Metadata-Version: 2.3
Name: graphor
Version: 0.6.0
Summary: The official Python library for the graphor API
Project-URL: Homepage, https://github.com/synapseops/graphor-python-sdk
Project-URL: Repository, https://github.com/synapseops/graphor-python-sdk
Author-email: Graphor <support@graphorlm.com>
License: Apache-2.0
Classifier: Intended Audience :: Developers
Classifier: License :: OSI Approved :: Apache Software License
Classifier: Operating System :: MacOS
Classifier: Operating System :: Microsoft :: Windows
Classifier: Operating System :: OS Independent
Classifier: Operating System :: POSIX
Classifier: Operating System :: POSIX :: Linux
Classifier: Programming Language :: Python :: 3.9
Classifier: Programming Language :: Python :: 3.10
Classifier: Programming Language :: Python :: 3.11
Classifier: Programming Language :: Python :: 3.12
Classifier: Programming Language :: Python :: 3.13
Classifier: Programming Language :: Python :: 3.14
Classifier: Topic :: Software Development :: Libraries :: Python Modules
Classifier: Typing :: Typed
Requires-Python: >=3.9
Requires-Dist: anyio<5,>=3.5.0
Requires-Dist: distro<2,>=1.7.0
Requires-Dist: httpx<1,>=0.23.0
Requires-Dist: pydantic<3,>=1.9.0
Requires-Dist: sniffio
Requires-Dist: typing-extensions<5,>=4.10
Provides-Extra: aiohttp
Requires-Dist: aiohttp; extra == 'aiohttp'
Requires-Dist: httpx-aiohttp>=0.1.9; extra == 'aiohttp'
Description-Content-Type: text/markdown

# Graphor Python SDK

[![PyPI version](https://img.shields.io/pypi/v/graphor.svg?label=pypi%20(stable))](https://pypi.org/project/graphor/)
[![Python 3.9+](https://img.shields.io/badge/python-3.9+-blue.svg)](https://www.python.org/downloads/)

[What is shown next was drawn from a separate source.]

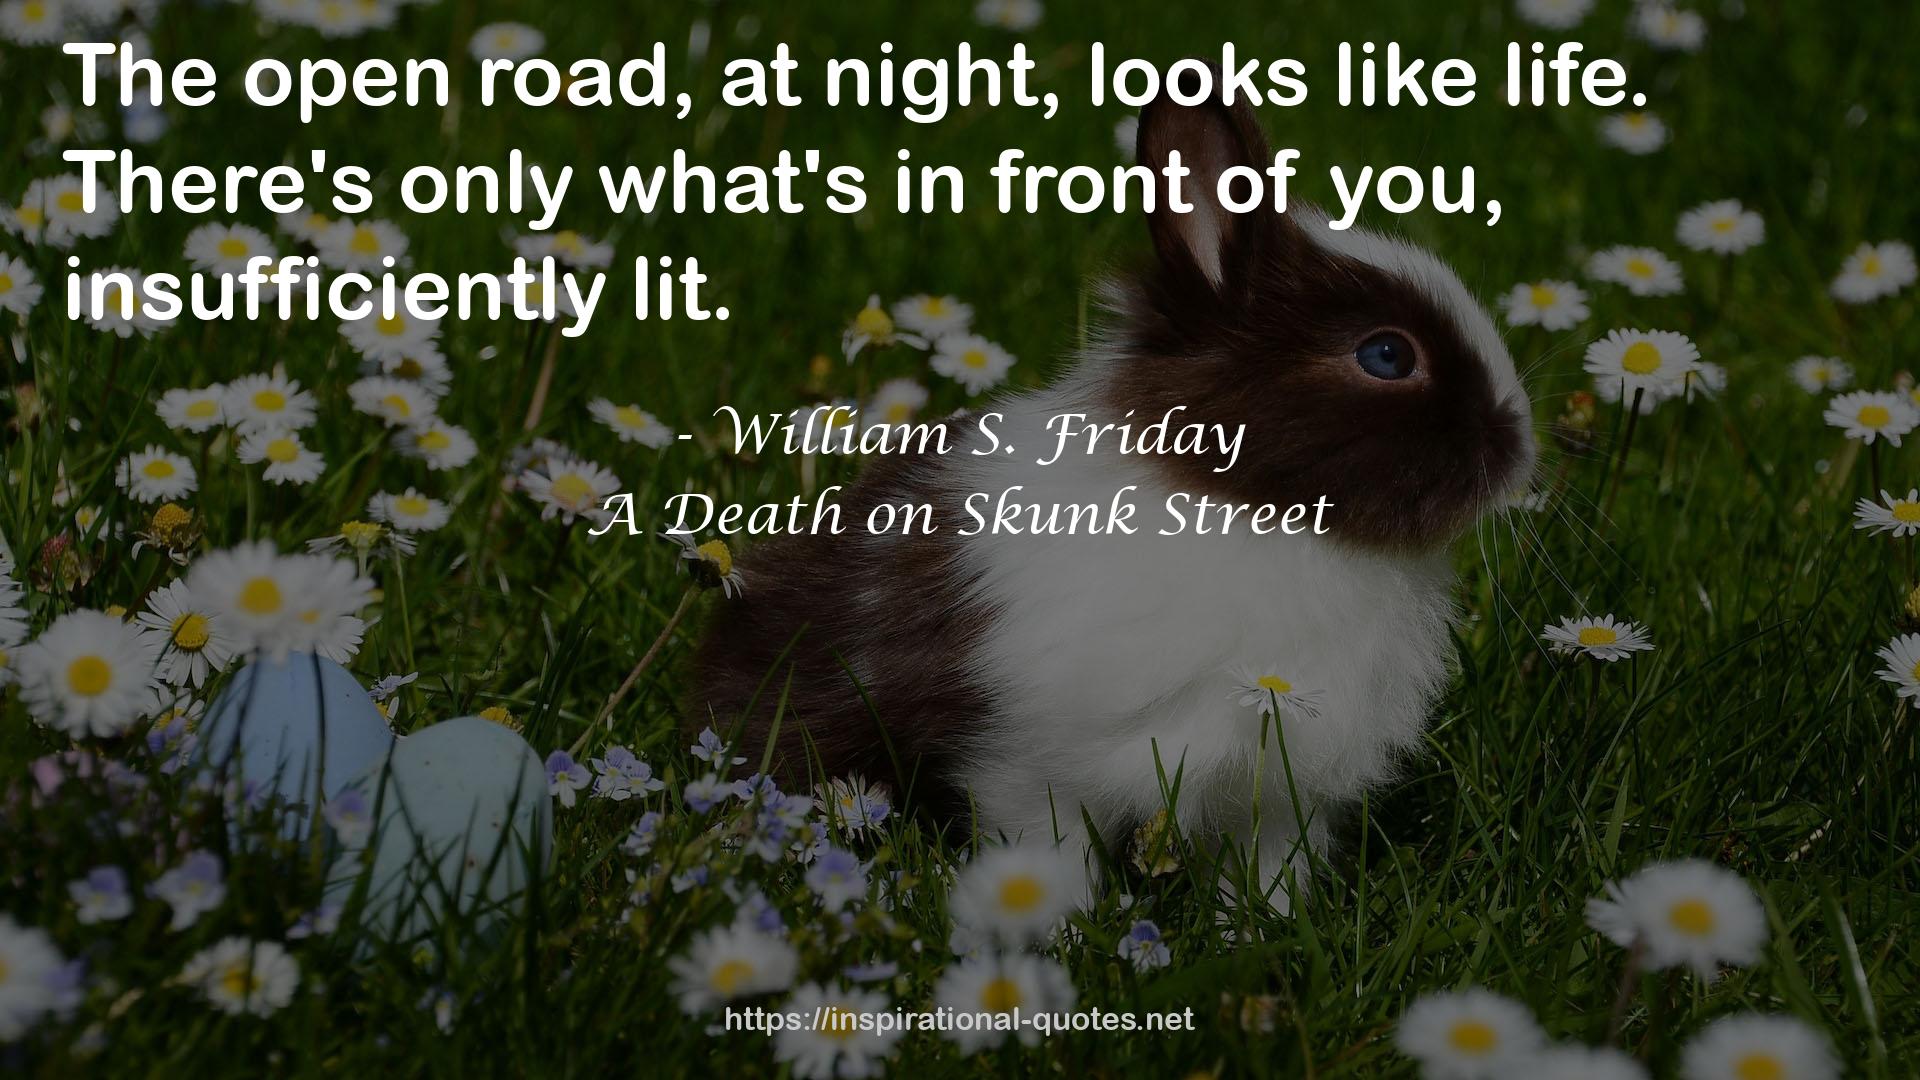 A Death on Skunk Street QUOTES

The official Python SDK for the [Graphor](https://graphorlm.com) API. Build intelligent document applications with ease.

**Features:**
- 📄 **Document Ingestion** — Upload files, web pages, GitHub repos, and YouTube videos
- 💬 **Document Chat** — Ask questions with conversational memory
- 📊 **Structured Extraction** — Extract data using JSON Schema
- 🔍 **Semantic Search** — Retrieve relevant chunks for custom RAG pipelines
- ⚡ **Async Support** — Full async/await support with `AsyncGraphor`
- 🔒 **Type Safety** — Complete type definitions for all params and responses

## Documentation

📚 **Full documentation**: [docs.graphorlm.com/sdk/overview](https://docs.graphorlm.com/sdk/overview)

## Installation

```bash
pip install graphor
```

For better async performance with aiohttp:

```bash
pip install graphor[aiohttp]
```

## Quick Start

```python
from graphor import Graphor

client = Graphor()  # Uses GRAPHOR_API_KEY env var

# Upload a document
source = client.sources.upload(file=open("document.pdf", "rb"))
print(f"Uploaded: {source.file_name}")

# Ask questions about your documents
response = client.sources.ask(question="What are the main topics?")
print(f"Answer: {response.answer}")
```

## Authentication

Set your API key as an environment variable (recommended):

```bash
export GRAPHOR_API_KEY="grlm_your_api_key_here"
```

```python
from graphor import Graphor

client = Graphor()  # Automatically uses GRAPHOR_API_KEY
```

Or pass it directly:

```python
client = Graphor(api_key="grlm_your_api_key_here")
```

## Core Features

### 📄 Upload Documents

Upload files, web pages, GitHub repositories, or YouTube videos:

```python
from pathlib import Path
from graphor import Graphor

client = Graphor()

# Upload a local file
source = client.sources.upload(file=Path("report.pdf"))

# Upload from URL
source = client.sources.upload_url(url="https://example.com/article")

# Upload from GitHub
source = client.sources.upload_github(url="https://github.com/org/repo")

# Upload from YouTube
source = client.sources.upload_youtube(url="https://youtube.com/watch?v=...")
```

**Supported formats:** PDF, DOCX, TXT, MD, HTML, CSV, XLSX, PNG, JPG, MP3, MP4, and more.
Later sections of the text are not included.